The sample point is where in the bit period the receiver reads the bus level, expressed as a percentage of the total bit time. 87.5% (7/8 of the way through the bit) is the CiA 601 default because it gives maximum tolerance for propagation delay while still leaving enough time in BS2 for resynchronisation. Networks with long cable runs or many nodes may need to reduce to 75–80% to accommodate the increased propagation delay. Never go below 75% or above 87.5% on a real network.

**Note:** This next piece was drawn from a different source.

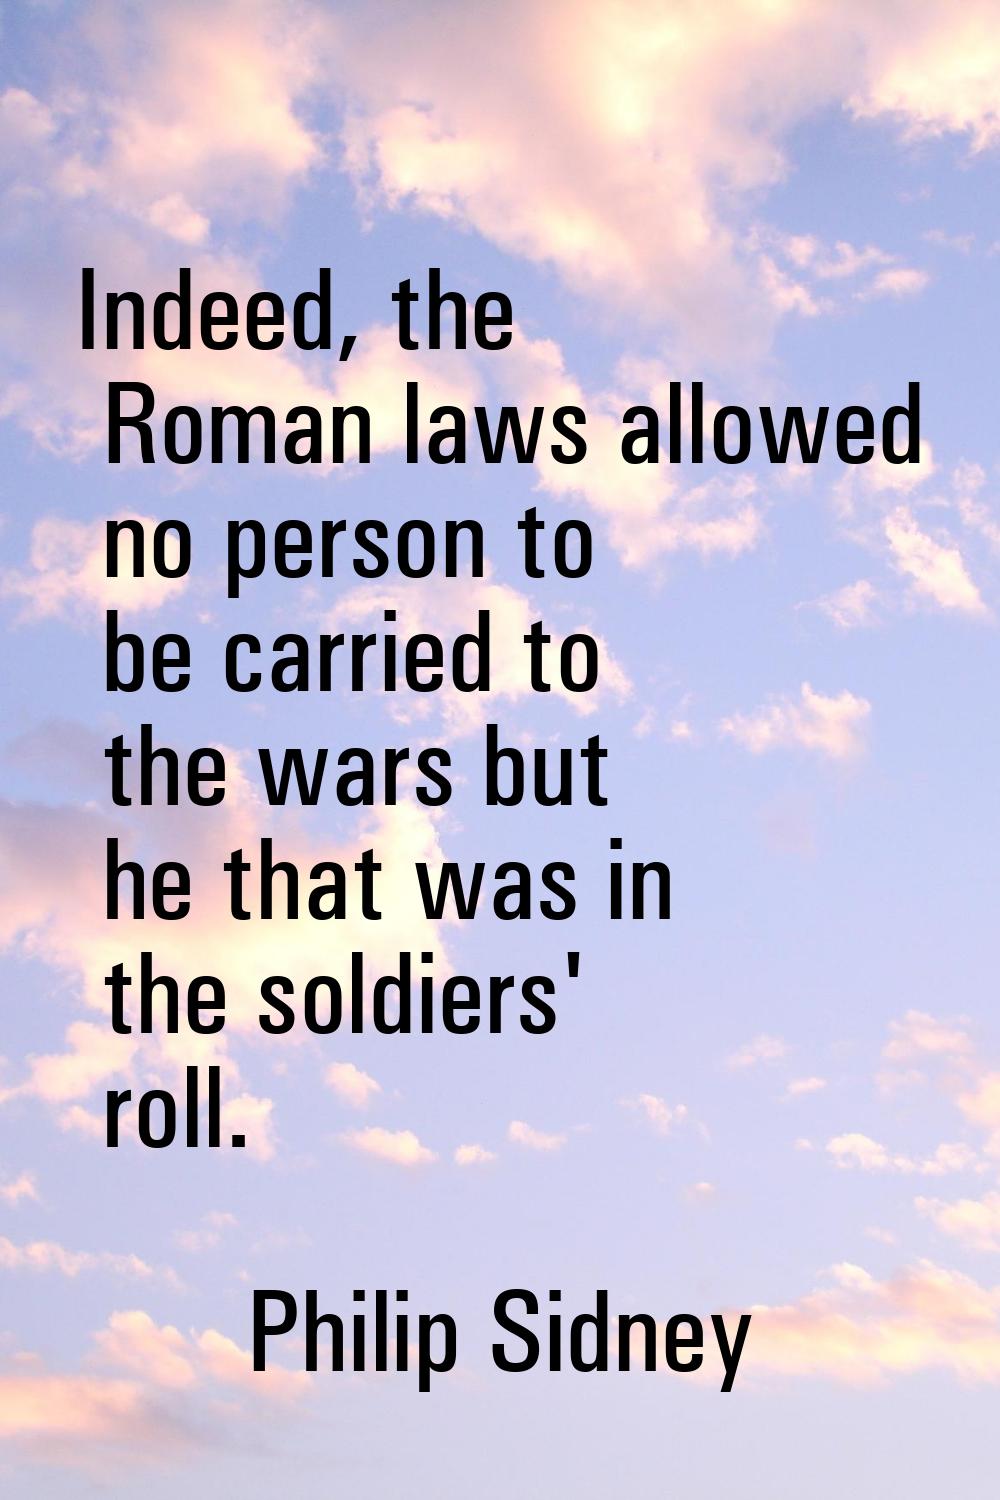 Indeed, the Roman laws allowed no person to be carried to the wars but he that was in the soldiers'

Why is CAN bit timing more complex than UART baud rate calculation? +

UART just divides a clock to produce a bit period. CAN bit timing must also place a precise sample point within that period and configure the sync jump width for resynchronisation across nodes. Every node on the bus must agree on the same bit rate AND have compatible sample points — typically within ±1 sample point location of each other. Tighter tolerances are needed because CAN uses a multi-master bus with arbitration: a node reading its own transmission must see exactly what it transmitted, and resynchronisation must happen within the SJW window.

What does SJW (sync jump width) do? +

SJW allows a CAN node to lengthen or shorten the current bit period by up to SJW time quanta to resynchronise with the bus when it detects an edge. Without SJW, clock drift between nodes would accumulate over a message frame and cause bit errors. Larger SJW gives more tolerance for clock deviation but reduces the maximum achievable bit rate for a given oscillator accuracy. A safe starting point is SJW = min(BS2, 4) TQ. ISO 11898-1 requires SJW ≤ min(BS1, BS2).

Why is my STM32 CAN not working despite correct BTR values? PCLK1 pitfall. +

The most common issue is that PCLK1 is not what you assume. On STM32F4 at 168 MHz system clock with the default CubeMX clock tree, PCLK1 is typically 42 MHz (168/4), not 168 MHz. If you calculate BTR for 168 MHz but the hardware uses 42 MHz, you will get a bit rate 4× too slow. Always verify with HAL_RCC_GetPCLK1Freq() at runtime. A second common mistake: you must set INRQ=1 in CAN_MCR before writing to BTR, then clear INRQ and wait for INAK=0 before enabling the bus. Writing BTR while the peripheral is not in initialisation mode has no effect.